It is convenient in many applications to provide the components for polyurethane or polyisocyanurate foams in pre-blended formulations. Most typically, the foam formulation is pre-blended into two components. The isocyanate and optionally other isocyanate compatible raw materials, including but not limited to blowing agents and certain silicone surfactants, comprise the first component, commonly referred to as the “A” component. The polyol mixture composition, including surfactant, catalysts, blowing agents, and optional other ingredients comprise the second component, commonly referred to as the “B” component.

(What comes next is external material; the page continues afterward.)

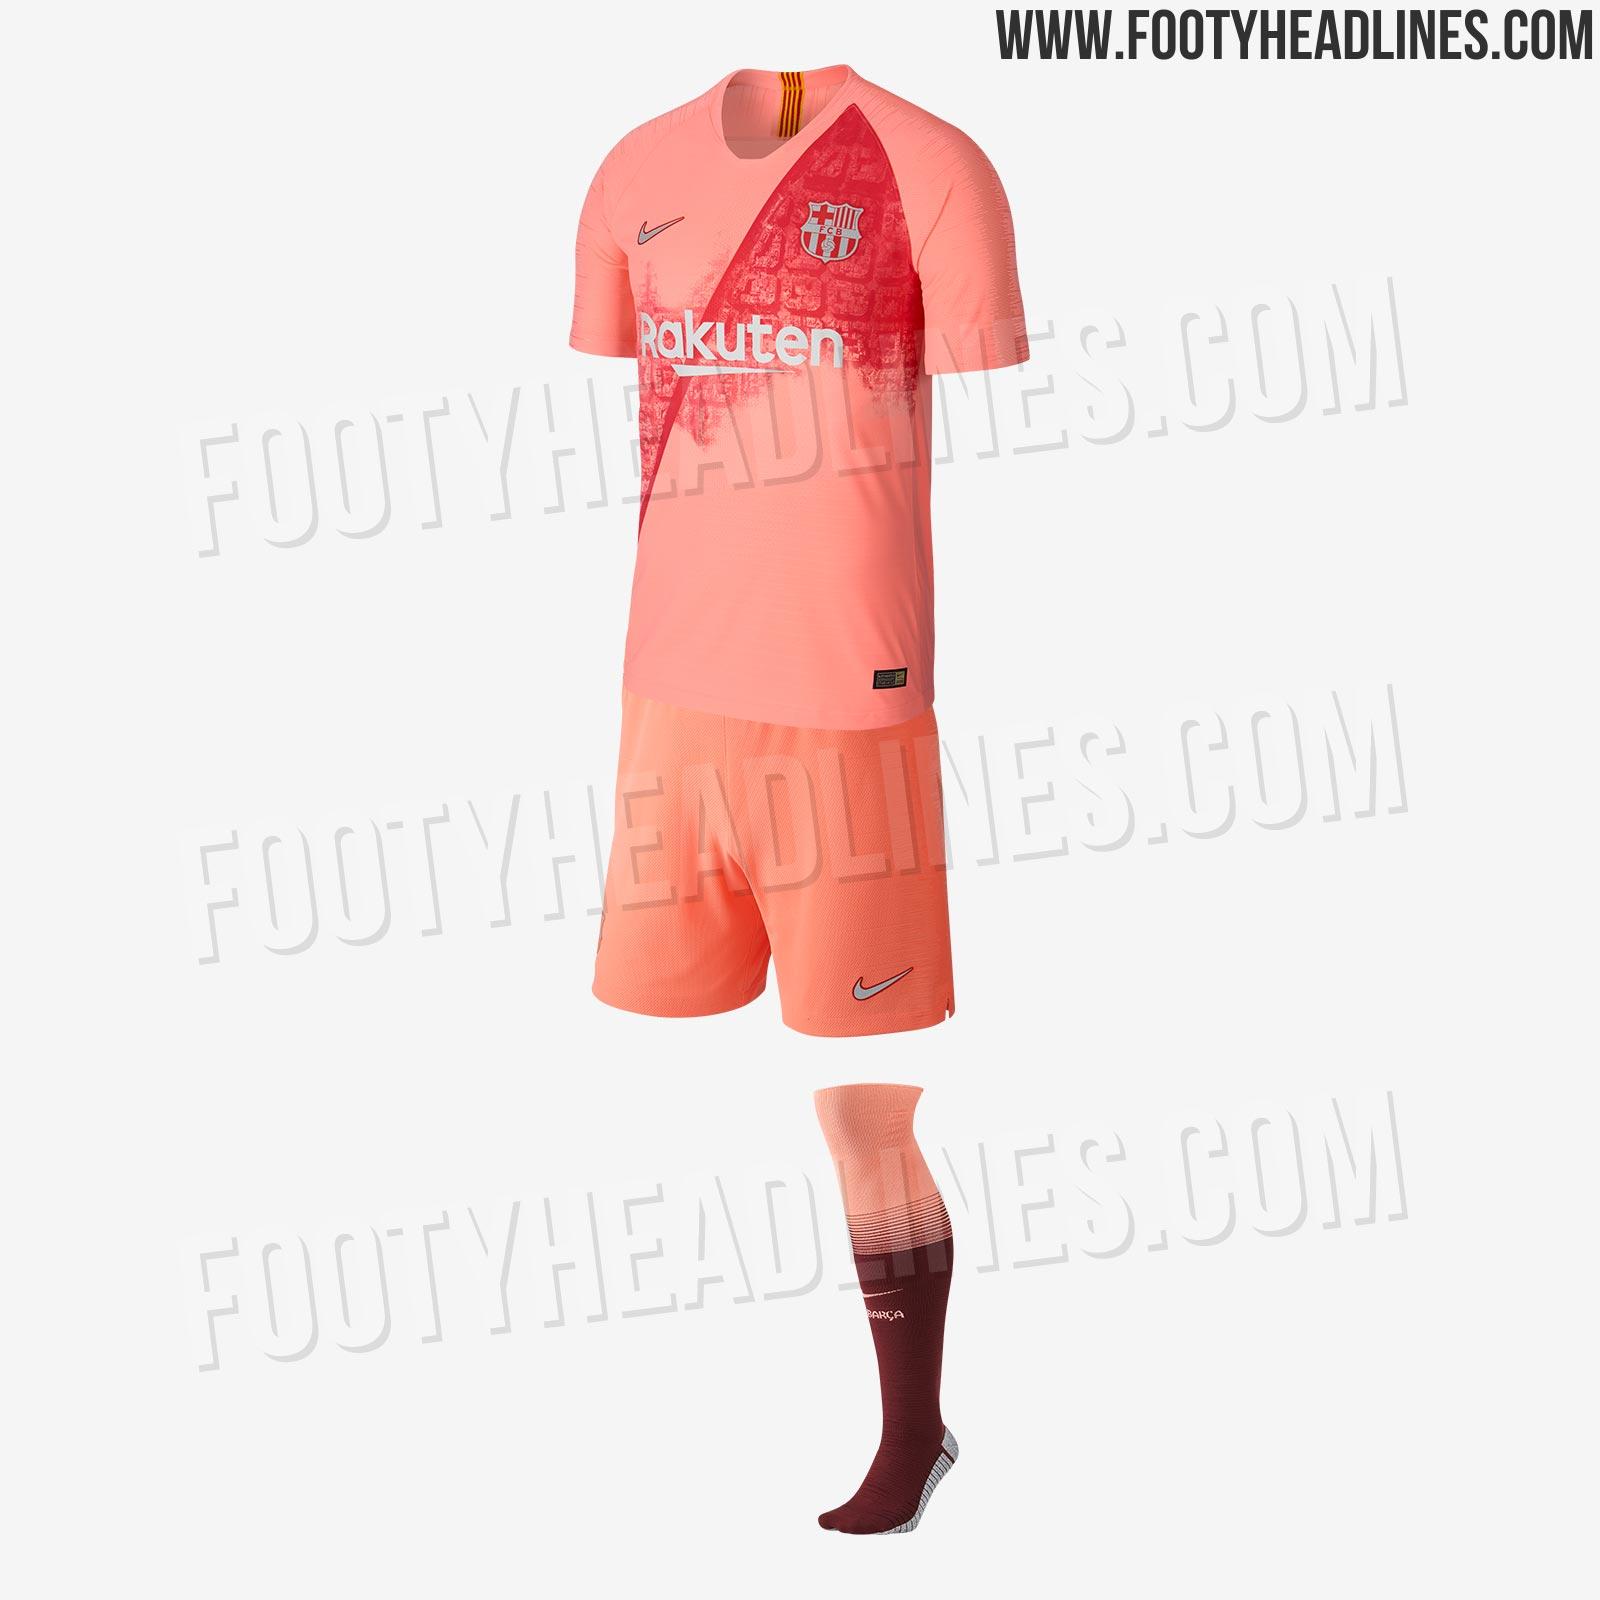 d18a427e9 Nike FC Barcelona 18-19 Third Kit Released - Footy Headlines

In any given application, the “B” component may not contain all the above listed components, for example some formulations omit the flame retardant if flame retardancy is not a required foam property. Accordingly, polyurethane or polyisocyanurate foams are readily prepared by bringing together the A and B side components either by hand mix for small preparations and, preferably, machine mix techniques to form blocks, slabs, laminates, pour-in-place panels and other items, spray applied foams, froths, and the like. Optionally, other ingredients such as fire retardants, colorants, auxiliary blowing agents, water, and even other polyols can be added as a stream to the mix head or reaction site. Most conveniently, however, they are all, with the exception of water, incorporated into one B component as described above.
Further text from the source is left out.